National Patient Safety Agency to be launched

International Journal of Health Care Quality Assurance

ISSN: 0952-6862

Article publication date: 1 September 2001

36

Citation

(2001), "National Patient Safety Agency to be launched", International Journal of Health Care Quality Assurance, Vol. 14 No. 5. https://doi.org/10.1108/ijhcqa.2001.06214eab.007

Publisher

:

Emerald Group Publishing Limited

Copyright © 2001, MCB UP Limited


National Patient Safety Agency to be launched

National Patient Safety Agency to be launched

In April, chief medical officer Liam Donaldson announced that a new agency is to be set up to boost patient safety in the NHS. The National Patient Safety Agency will run a mandatory reporting system for logging all failures, mistakes, errors and near-misses across the health service. For the first time it will introduce a streamlined approach to dealing with errors and mistakes and ensure that lessons are learnt and spread throughout the health service.
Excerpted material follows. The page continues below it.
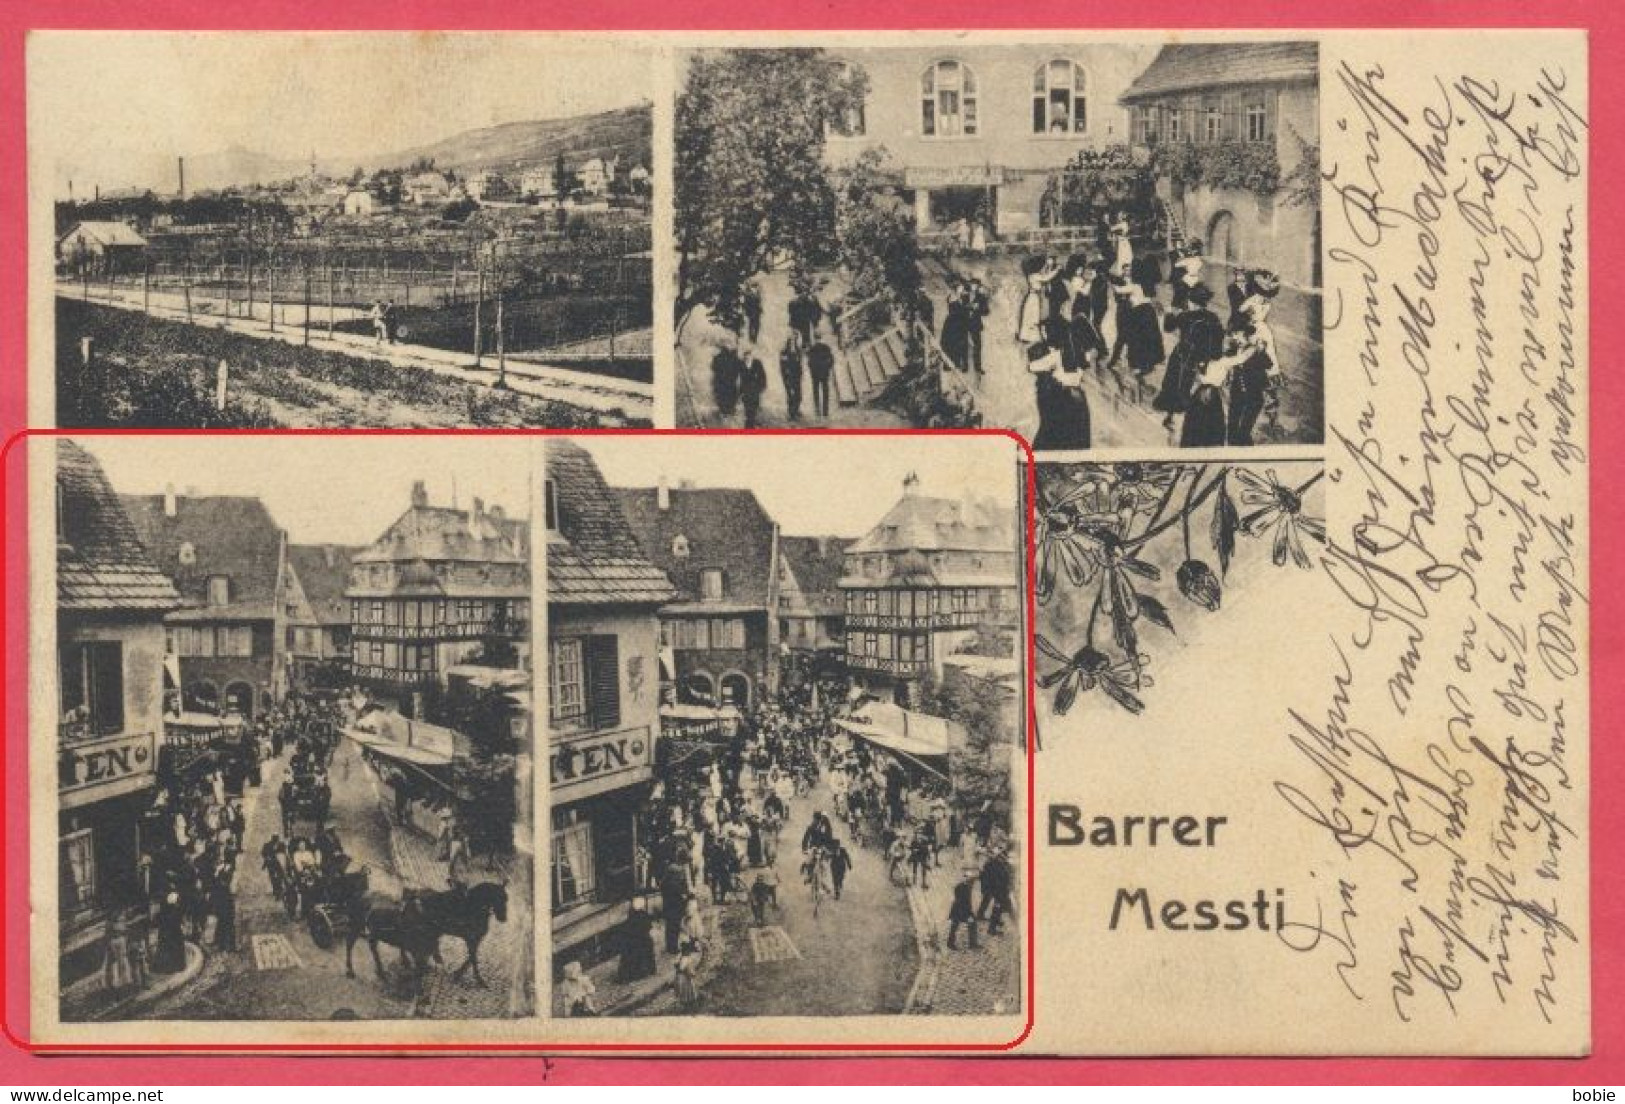 Barr - Bas-Rhin Alsace : Barrer Messti - Fête Et Folklore Alsacien - Défilés Dans Les Rues  / Timbre Et Cachet Annexion. - Barr

Details of the Agency are revealed in a new report Building A Safer NHS For Patients. It highlights progress made in setting up the new reporting system which was recommended by Professor Donaldson, last year. The report also recommends an improved system for handling investigations and inquiries across the NHS – ensuring they are no longer commissioned on an ad hoc basis, which can lead to lack of consistency and duplication of work.

Professor Donaldson said:

"It is estimated that 850,000 incidents and errors occur in the NHS each year – this is unacceptable.

"While it is an inescapable fact of life that people make mistakes, there is much we can do to reduce their impact and so reduce risks for patients. The new Agency will be the catalyst for this."
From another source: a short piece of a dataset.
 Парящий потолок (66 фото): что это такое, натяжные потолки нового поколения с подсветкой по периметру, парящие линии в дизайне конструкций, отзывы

He said that the Agency's system of identifying, recording, analysing and reporting adverse events will be at the heart of a shift to a more blame-free, open NHS, where lessons are shared and learnt. Everyone who comes into contact with the health service will have a part to play in this, from patients, to clinical staff, to managers. Over time, learning from the Agency's unique database will be the way in which one patient's bad experience will help hundreds of others. It will make the NHS a safer place for everyone that uses it.

The National Patient Safety Agency will be an independent body that will:

  • collect and analyse information on adverse events from local NHS organisations, NHS staff and patients and carers;

  • assimilate other safety-related information from a variety of existing reporting systems and other sources in this country and abroad;

  • learn lessons and ensure that they are fed back into practice, service organisation and delivery;

  • produce solutions to prevent harm where risks are identified and set out national goals and establish ways of tracking progress towards these goals.
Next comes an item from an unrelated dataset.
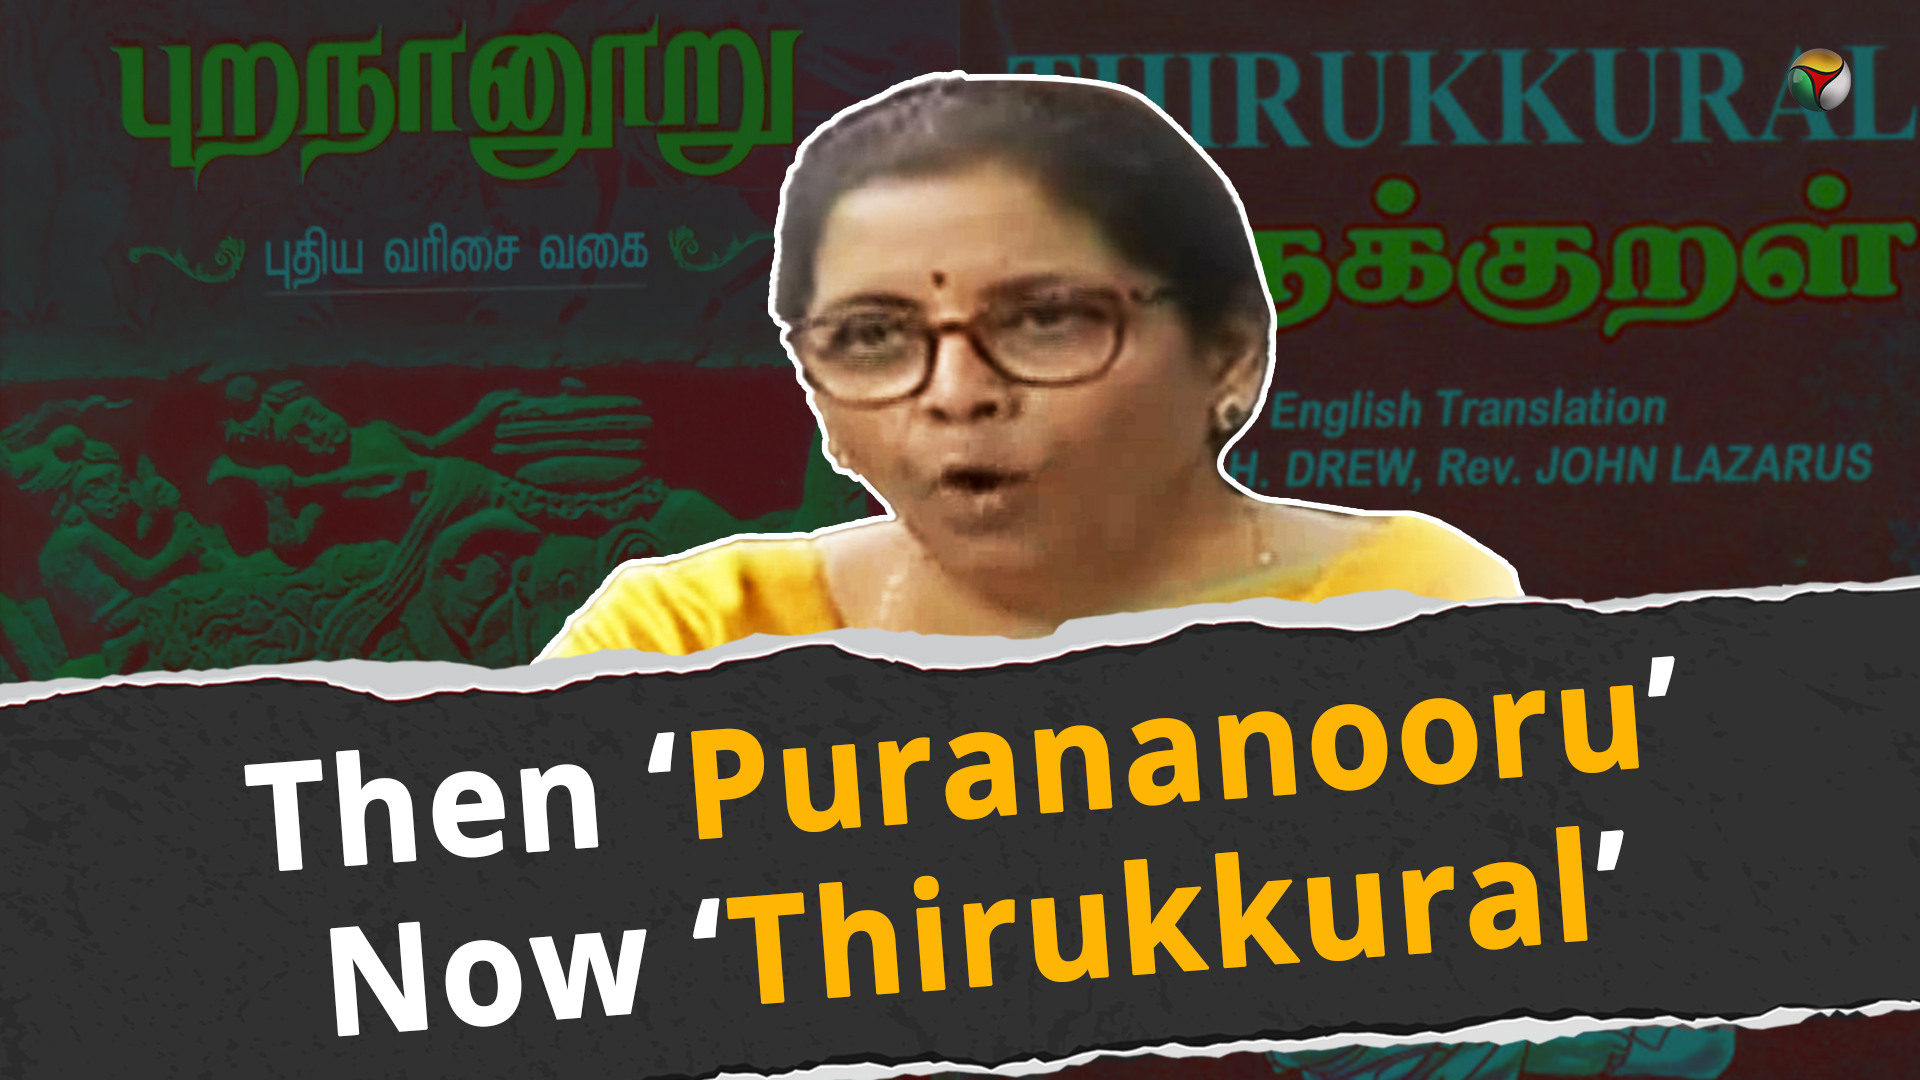 Purananooru & Thirukkural: When Nirmala was heckled both times

The report also highlights other "cross-cutting" initiatives, where focusing on safety could lead to risk reduction. So far these include:

  • Reviewing the safety environment – identifying changes in care practices that could reduce risk and improve patient safety.

  • Reviewing clinical practice – in conjunction with Royal Colleges, professional organisations and specialist associations to identify high risk procedures.

  • Purchasing for safety – addressing safety as part of buying policy throughout the NHS.

  • Design for safety – seeking input from the world of design to identify previously unrecognised opportunities for improved safety.

  • Computers to reduce error – examining across a broad field the potential for computers to reduce the occurrence and impact of error.

  • Safety briefings – identifying the scope for formal "pre-procedure" safety briefings in a selected number of high risk clinical situations.

  • Risk simulations – enhancing the capacity for staff to be exposed to and handle risk in simulation laboratories.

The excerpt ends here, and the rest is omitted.